Holy crap… that period of my life was kind of insane.

Black Friday and Cyber Monday campaigns were in full swing. The entire Super Youth product line was going through a major reformulation. We were launching new packaging. We were planning and executing photoshoots. There were development handoffs. Many, many rounds of QA. And somehow all of it was happening at the same time.

I’m still not entirely sure how I pulled it all off. Somehow it all came together. Looking back now, I think this project taught me that I’m capable of handling much more than I ever gave myself credit for.

Lessons Learned

Understand Before You Change

When I joined the company in 2018, I didn't really understand what the business was built on: direct response. I came from a much more branded background. Clean layouts. Polished experiences. Consistent design systems.

Then I saw the SkinnyFit acquisition landers.

At first glance, I honestly could not wrap my mind around what was going on visually. My inner instincts of cringe were on high alert.

Over the years, I pitched new concepts and designs more than once. Every time they were rejected. Looking back, I understand why. Most of my ideas focused on replacing what existed instead of building on it. The truth was, I didn't fully understand what made those pages successful. I was too focused on why they were "ugly."

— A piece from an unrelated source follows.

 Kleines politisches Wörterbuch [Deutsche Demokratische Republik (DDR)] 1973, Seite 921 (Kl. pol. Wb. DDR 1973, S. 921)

As the years passed, I became more involved in the business. I learned Klaviyo. I supported landing page requests. I started to understand how acquisition and retention worked together. By 2023, things felt different. Layoffs had happened. Sales weren't where they needed to be. You could feel the pressure across the business. Everyone was searching for answers.

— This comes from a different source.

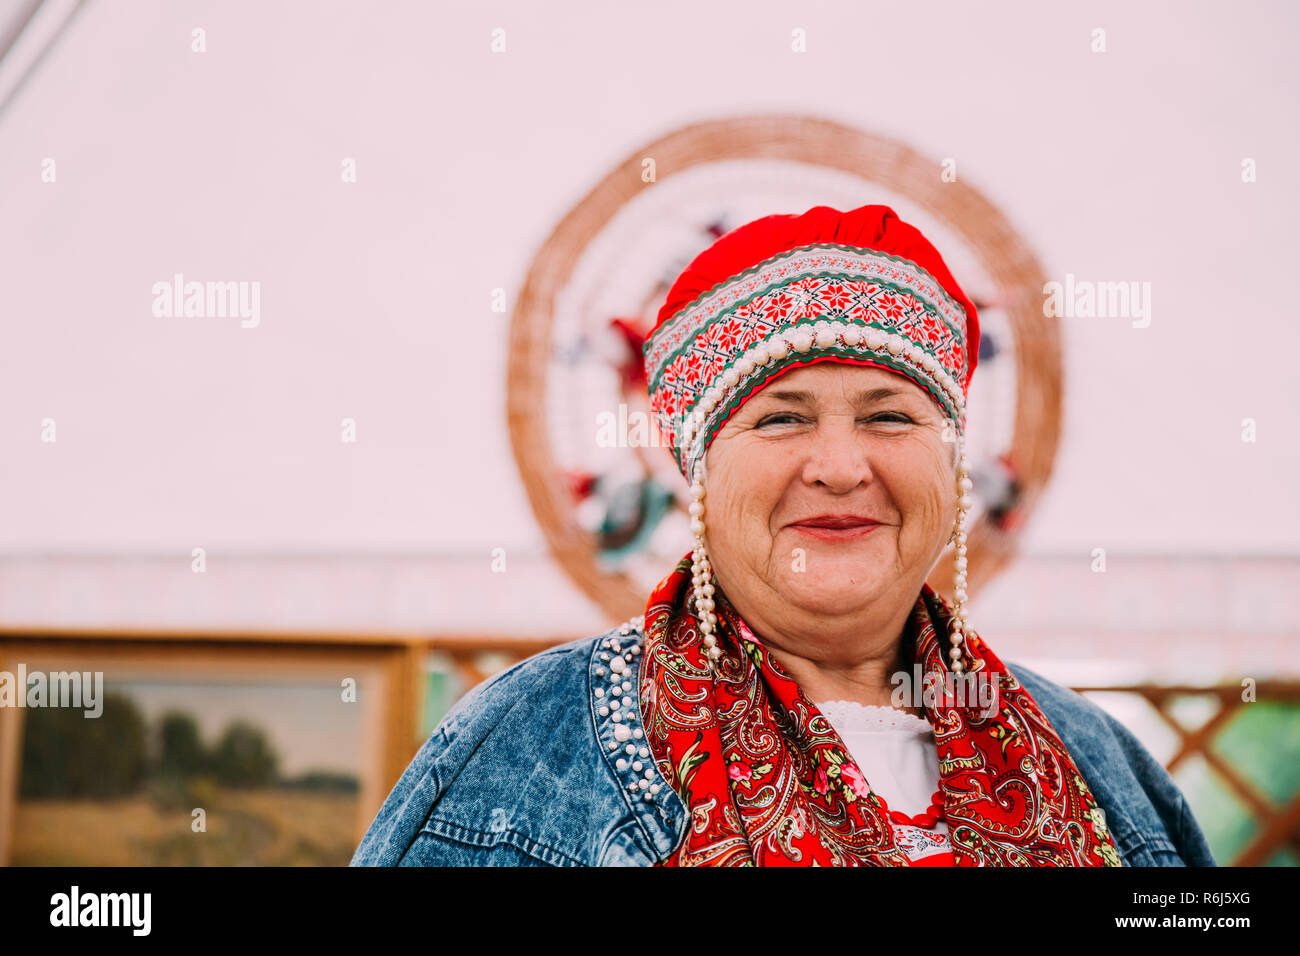 Minsk, Belarus - 23 juin 2018 : femme de gens traditionnels ethniques Costume National Russe de l'appareil photo en souriant Banque D'Images

That's when I was finally given the opportunity I'd been asking for. At first, I was excited. Then I realized the responsibility that came with it.

Oh... this isn't a redesign exercise anymore. This might actually need to work.

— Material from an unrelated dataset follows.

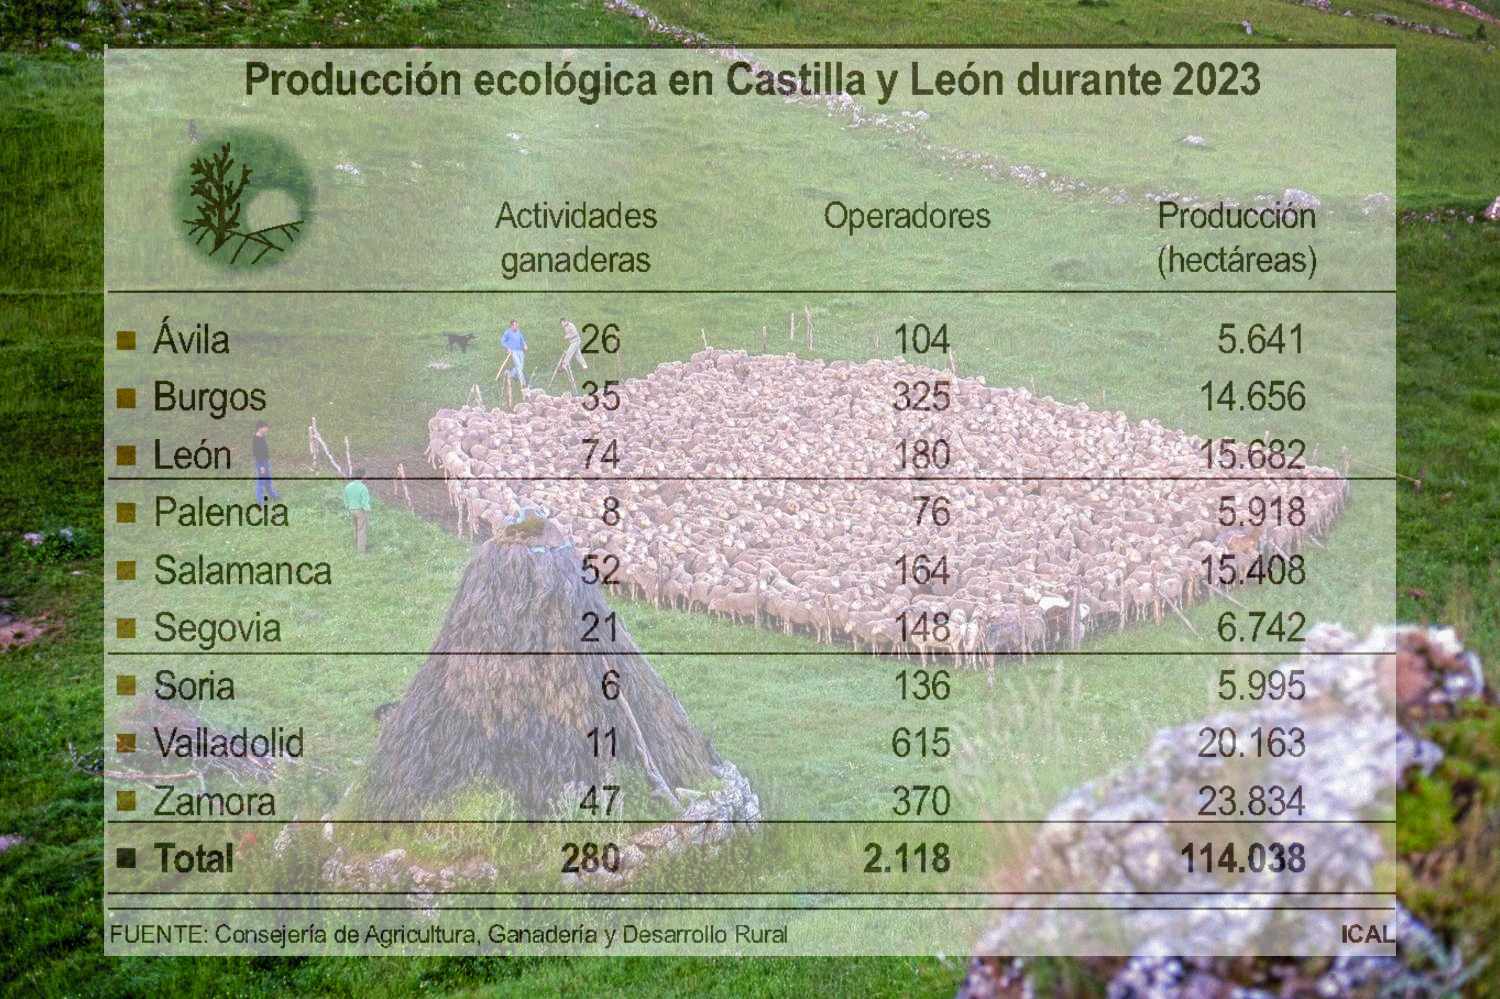 León, la provincia líder de CyL en producción ganadera ecológica

So instead of starting with what I wanted to change, I started with understanding what already existed. I studied every section. Every message. Every trust signal. Every conversion tactic. Some things felt outdated. Some things needed improvement. But almost everything was there for a reason.

That shift changed everything. The redesign wasn't successful because I introduced something new. It was successful because I finally understood what I was building on. Looking back, one of the biggest lessons from this project is that understanding should come before change. The best solutions don't ignore what came before them. They learn from it first.

They Don’t Have to Compete

For a long time, I had viewed branding and direct response as opposites.

Branding was clean. Intentional. Emotional. It felt like every piece fit together like a completed puzzle. It just worked.

Direct response felt like the complete opposite. More crowded. More aggressive. Less focused on looking good and more focused on getting someone to take action. Click the button. Buy the product. Convert.

Well... at least that's what I thought.

The more I studied the existing SkinnyFit landers, the more I realized the direct response principles weren't the problem. The problem was that over time the experience had lost much of its personality. It lacked emotion. It lacked aspiration. And it lacked the human connection that had become such an important part of the SkinnyFit brand.

That's where I saw an opportunity.

Not to replace direct response. Not to throw away what was already working. But to see if I could help bring some of that personality back into the experience.

The goal was never to turn a direct response lander into a brand page. It was to find the right balance between the two. Preserve the conversion principles that were already working. Introduce stronger storytelling. More lifestyle imagery. And a more modern customer experience.

Was it really direct response versus branding? Or could the best experiences borrow from both?

Looking back, that's one of the biggest lessons I took away from this project. Performance and brand don't have to compete with each other. When they're working together, they become much more powerful.